The Reason for the Limit of Cores in Processors

In the market we find a large number of CPUs of all families, types and sizes, but if there is something in common from the less powerful smartphone to the most advanced military supercomputer, it is that we are in the era of multi-core CPUs . But what is preventing designs from having a greater number of cores? What influences this limit?

It’s been more than 15 years since the first multi-core PC CPUs were released and a question that often comes to mind is: how far can a CPU scale in terms of number of cores? We are going to try to answer this question, keep reading and you will understand the reasons why processors are designed with a limit of cores in mind.

What limits the number of cores in a CPU?

The era of multi-core CPUs came when Dennard’s scaling , a law in microprocessor design that predicted increasing clock speeds, was completely broken as soon as 6 was hit. nm, forcing CPU designers to go the path of multi-core configurations instead of having a single core alone.

So what are the reasons why the number of cores in a processor is limited? Let’s see it.

Physical limits to the inclusion of a greater number of cores

The first obvious limit is the size of the chip and the number of transistors that can be placed in said space, which are directly related to the manufacturing node that is used, while the second limit is the energy consumption that we have available for said processor . On the other hand, not all architectures have the same energy efficiency, so depending on the purpose for which a CPU has been built, we can find some very complex with few cores or much simpler with a large number of cores.

Depending on the use that is going to be given to the CPU, a certain number of cores will make more or less sense; For example, if we are going to set up a local data center that will be used by several users, it makes sense at least to allocate one core per user or per virtualized operating system.
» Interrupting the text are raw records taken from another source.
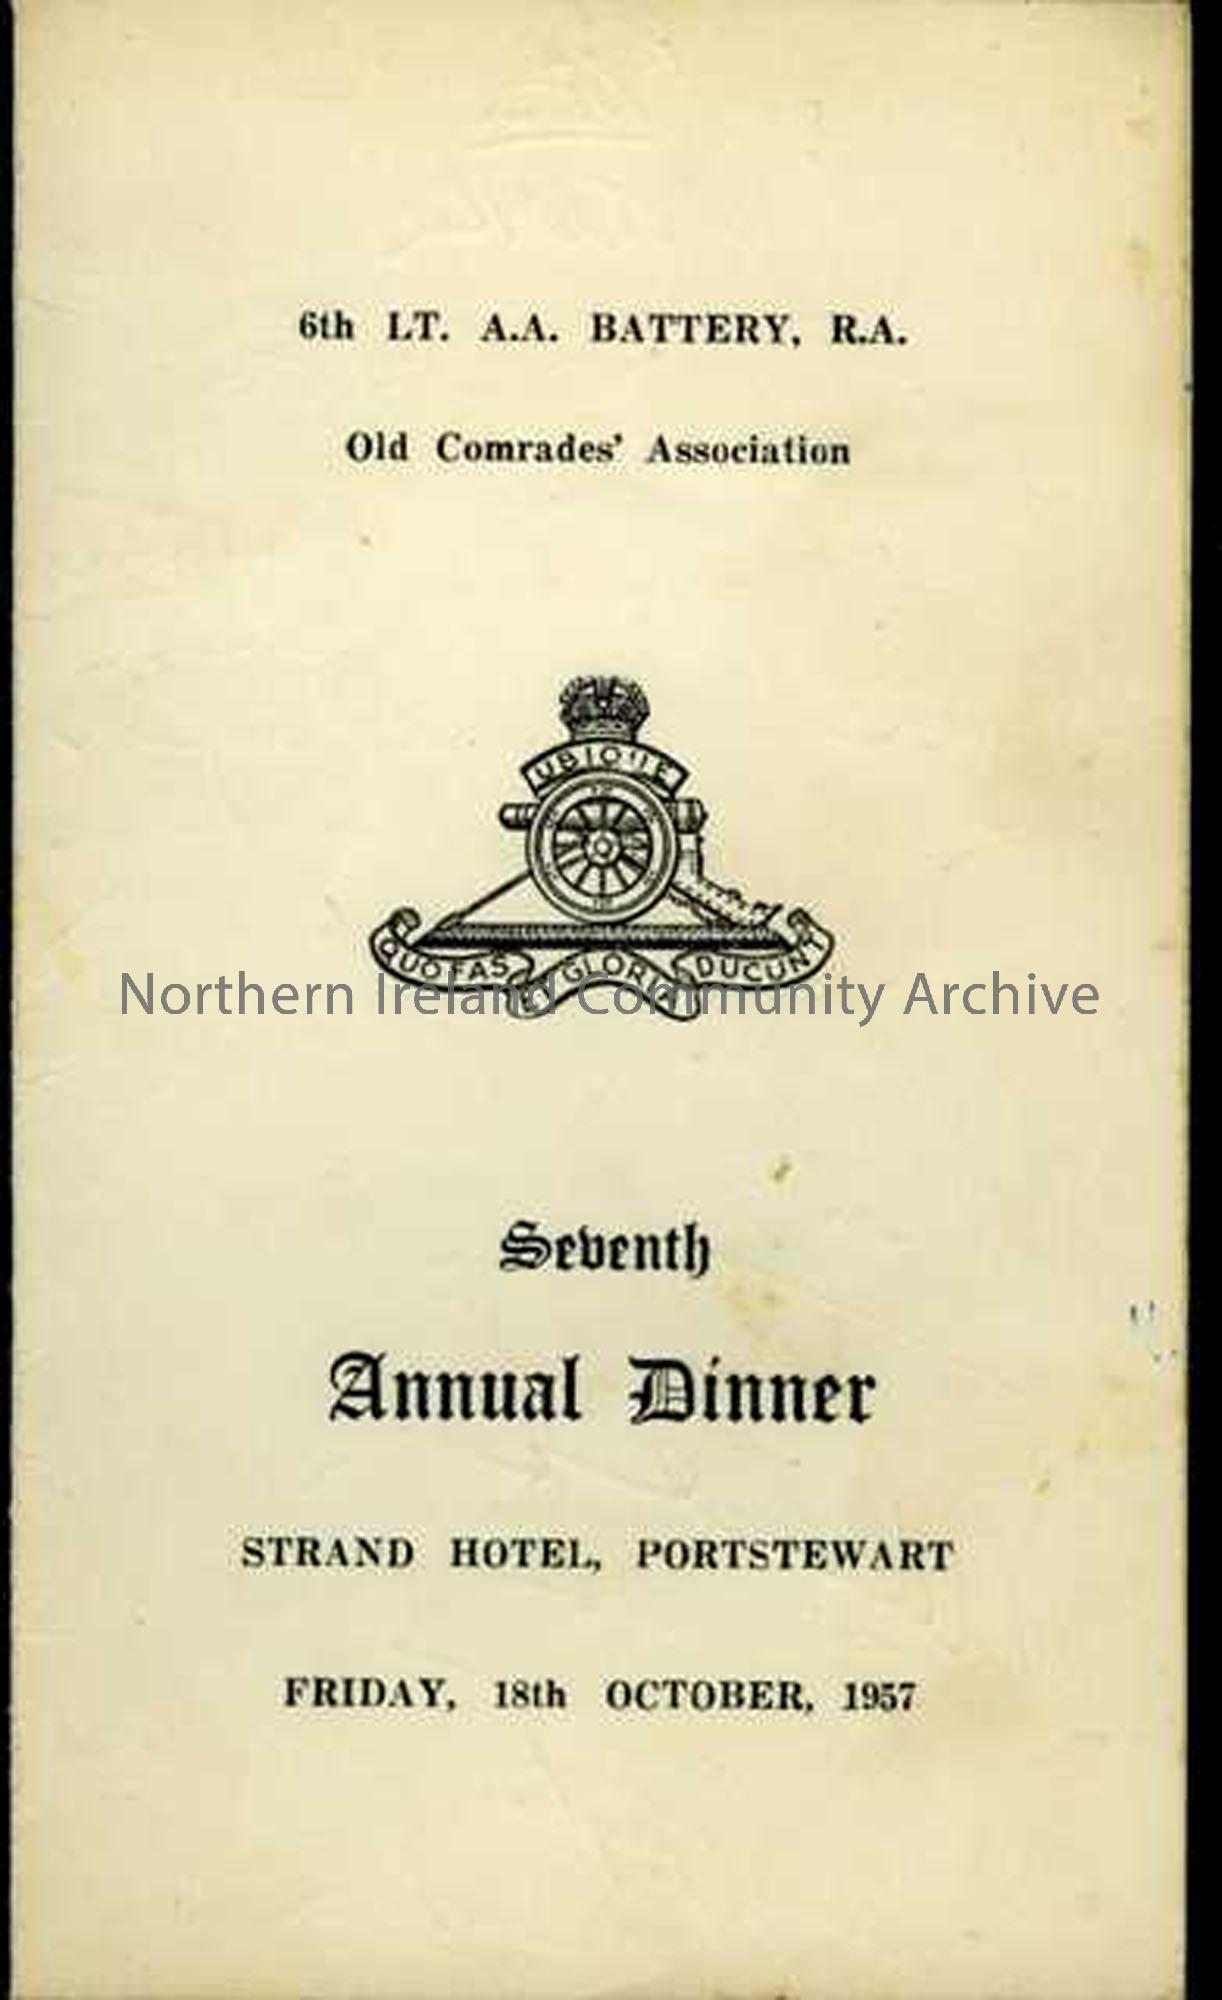 7th Annual dinner leaflet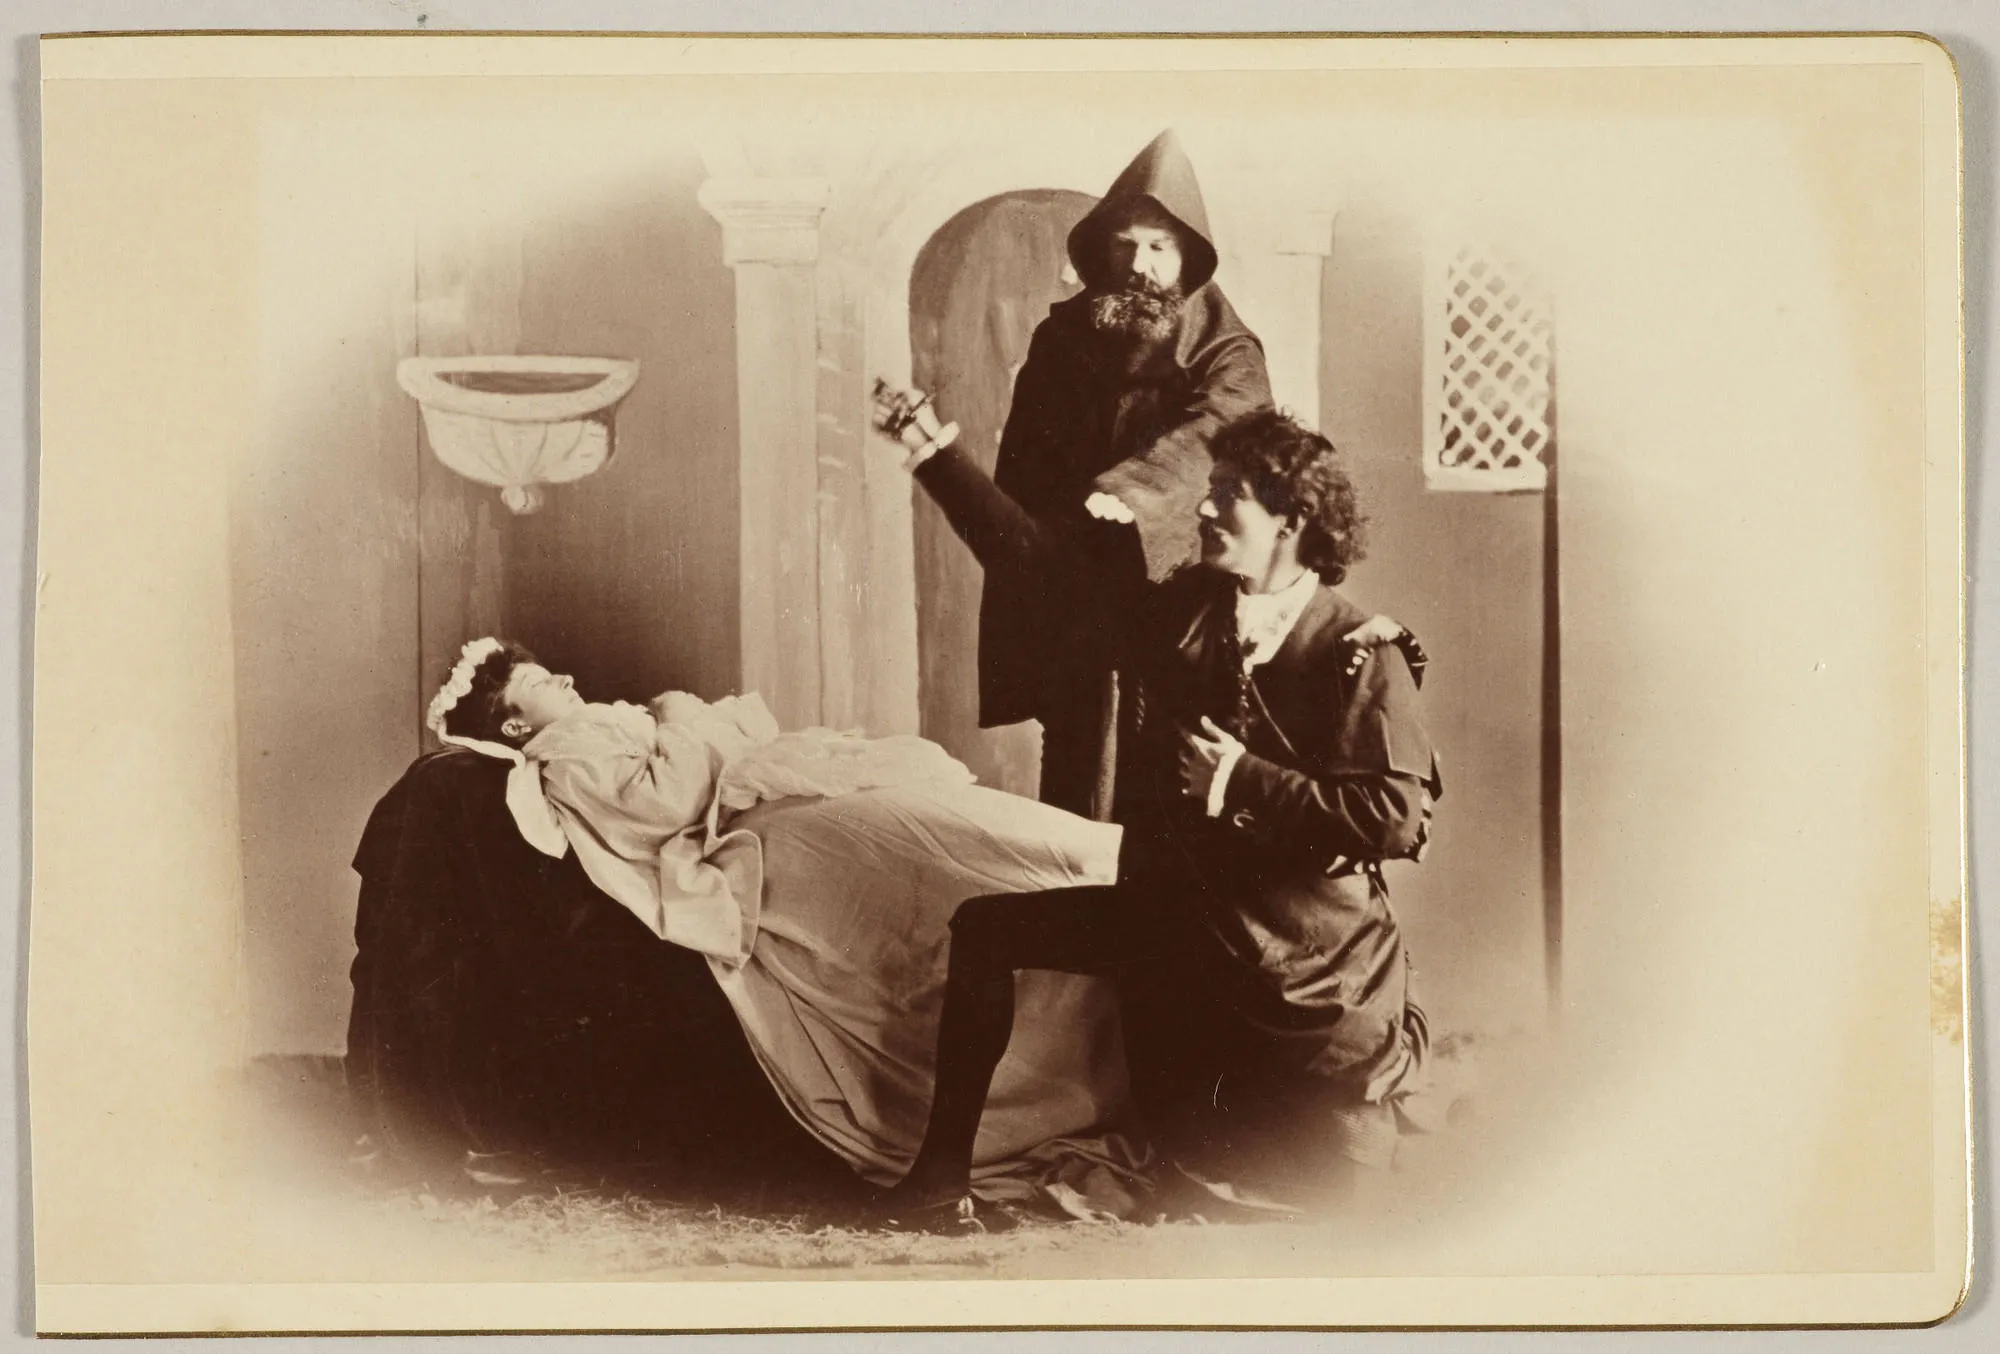 Balmoral Tableau Vivants: 'Romeo' 6 - 6 Oct 1888. Source: Royal Collection Trust. 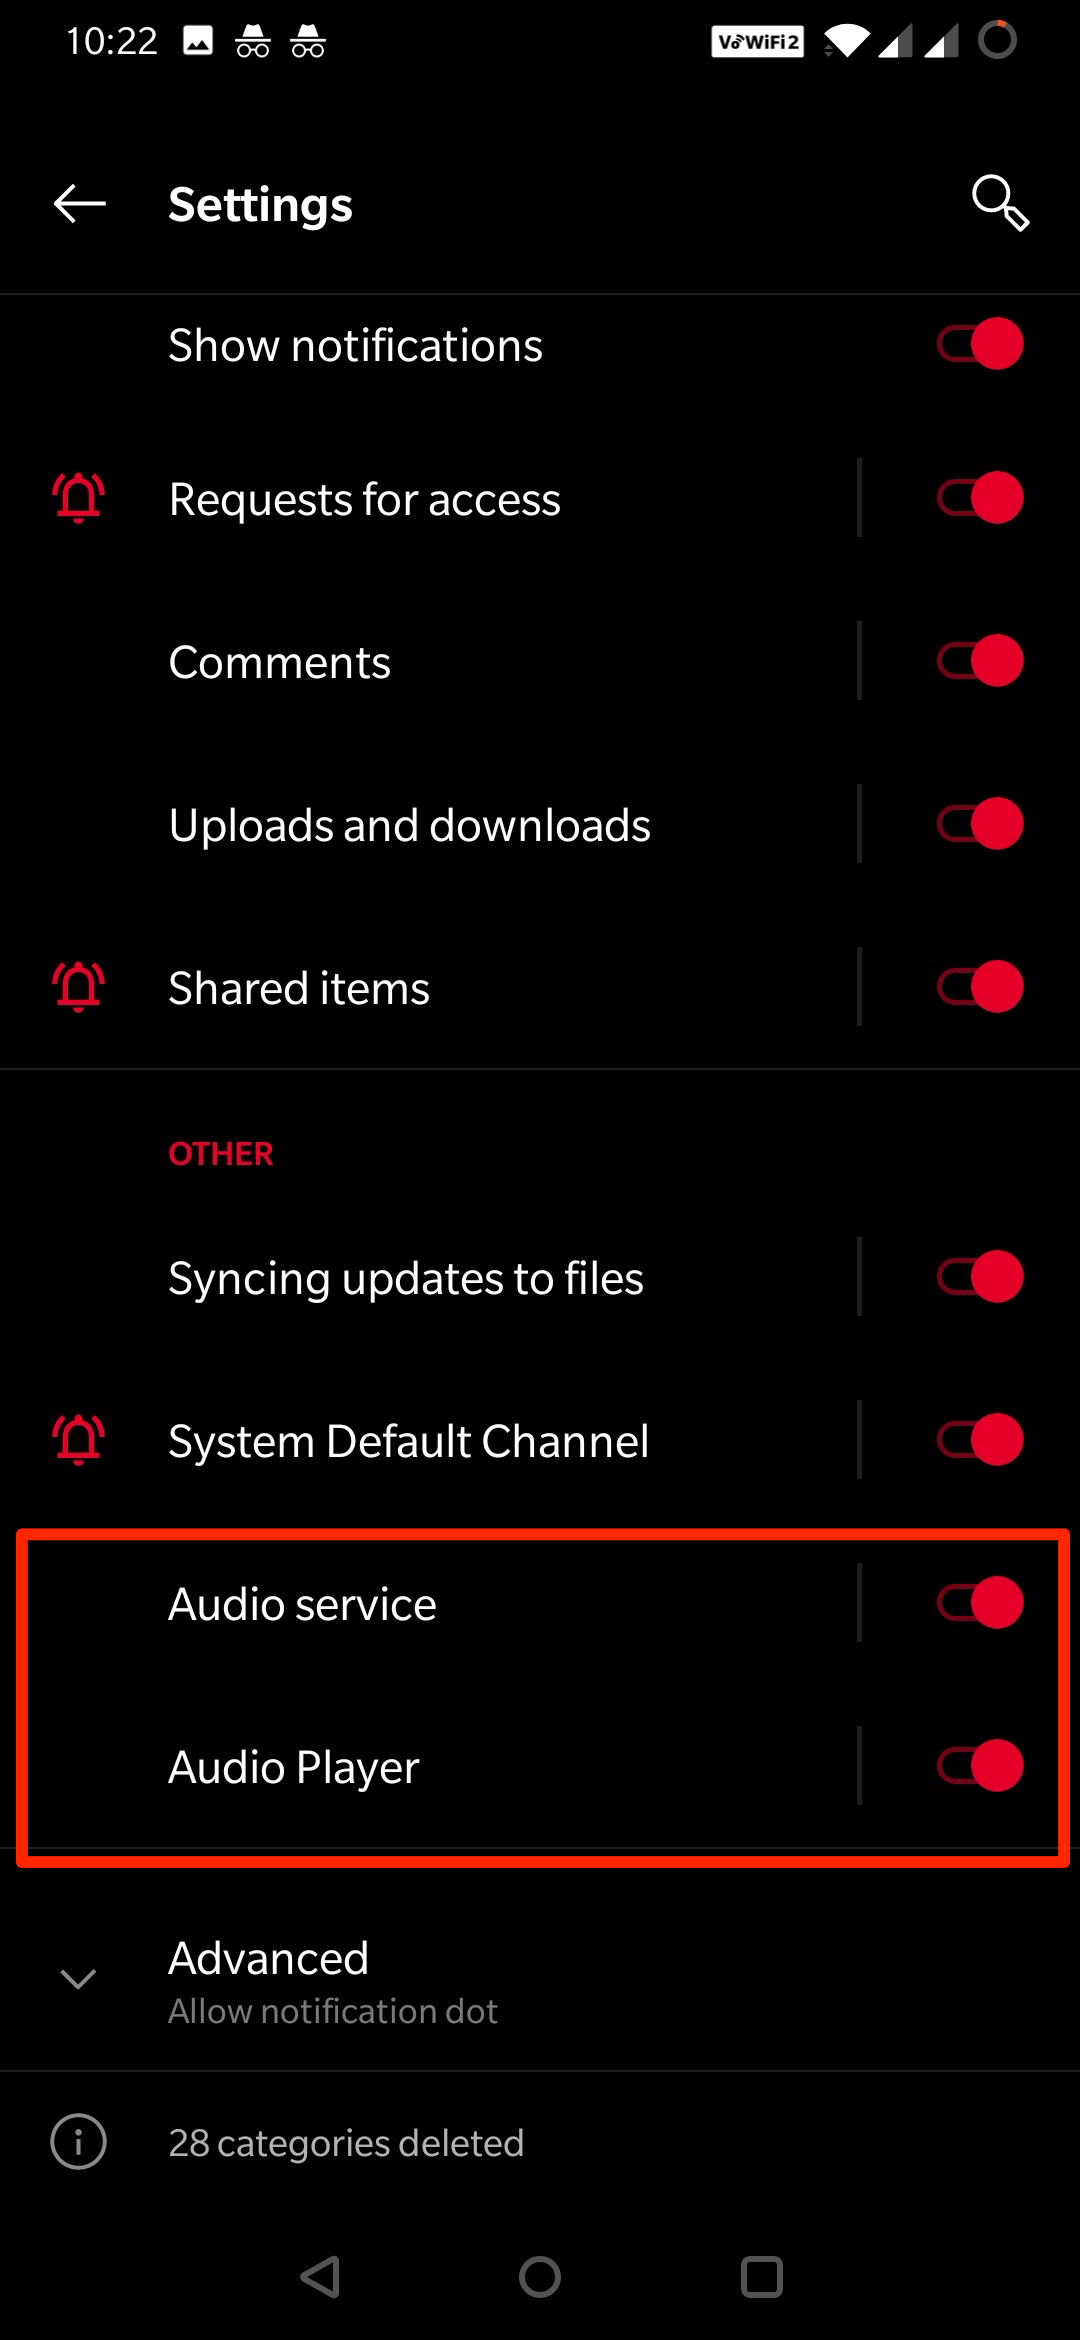 Turn_OFF_Audio_Service_Notification

Communication is also a limit to the cores in a CPU

Putting a large number of CPUs on a chip seems easy, but we need all of them to be able to communicate with each other and with elements outside the processor.

In the first place, we must give a first level cache to each of the cores and then a last level shared cache, we can integrate intermediate level caches but the last level will always be important for the communication of the different cores without having to go to memory, so if this last level cache is not present it would add additional latency when one core has to communicate with another.

But a higher number of cores means that all the cabling and communication interfaces also grow exponentially and not only between the processors within the core but between them with the last level cache, with the peripherals and even with the RAM memory.

As the CPU grows in cores, we find that the communication infrastructure inside the processor grows, occupying space and also consumes energy.

Parallelization in software and its relationship with the core limit

Not all processes running on a CPU can do it in parallel, as they all have a limit on how we can subdivide them into more tasks. In some specific cases it is impossible and we can find parts of certain processes that cannot be parallelized and therefore make them work with several cores.

The paradox is that as we increase the number of cores we will find that the parts of the code that can work in parallel and are optimized to work with several cores will increase their performance and that part of the code will be solved in less time, but the counterpart is that the serial part does not increase its performance with the number of cores but we need more powerful cores, according to Amdahl’s Law.

It is for all this that the path that is usually done is to improve architectures or create new ones with better performance in a single core, since not all processes that run on a CPU increase their performance with a greater number of nuclei. In some environments, however, the number of cores used in the system is directly related to the way in which the software is parallelizable.

Accelerators or domain-specific processors

A specific domain accelerator or processor is a piece of hardware that performs a specific task, this type of processors are based on three premises:

It occupies a very small portion compared to the core of a CPU or another type of complex processor.
It does its job with a miniscule portion of power compared to a CPU or other complex processor.
It can work in parallel to the main processor they are supporting, thereby freeing up some of the work and time of the processor they are throttling.

The normal thing is that, for example, if we have the task of decompressing a file in ZIP format or decoding an image in JPEG to display it on the screen, we assign these tasks to a CPU core, but with the implementation of accelerators or processors of Specific domain, this need to use the CPU cores decreases and therefore configurations with a large number of cores are not necessary, since these accelerators unload the work to the CPU of certain specific and repetitive tasks that they perform on a daily basis.

With all this you have listed the reasons why the number of cores has “stagnated”, although obviously it will depend on the use made by the CPU software, which will make the number of cores that the processors have in our PCs evolve. Do not forget that we have gone from 4-core configurations and in a short time the 8-core ones will be completely standard, so the limit of cores will increase over time.

All these are the reasons why CPU manufacturers do not add huge amounts of cores in the current CPUs that are on the market, which on the other hand means that there is not a limit of cores in the processors, but that there is reasons why its implementation is slower.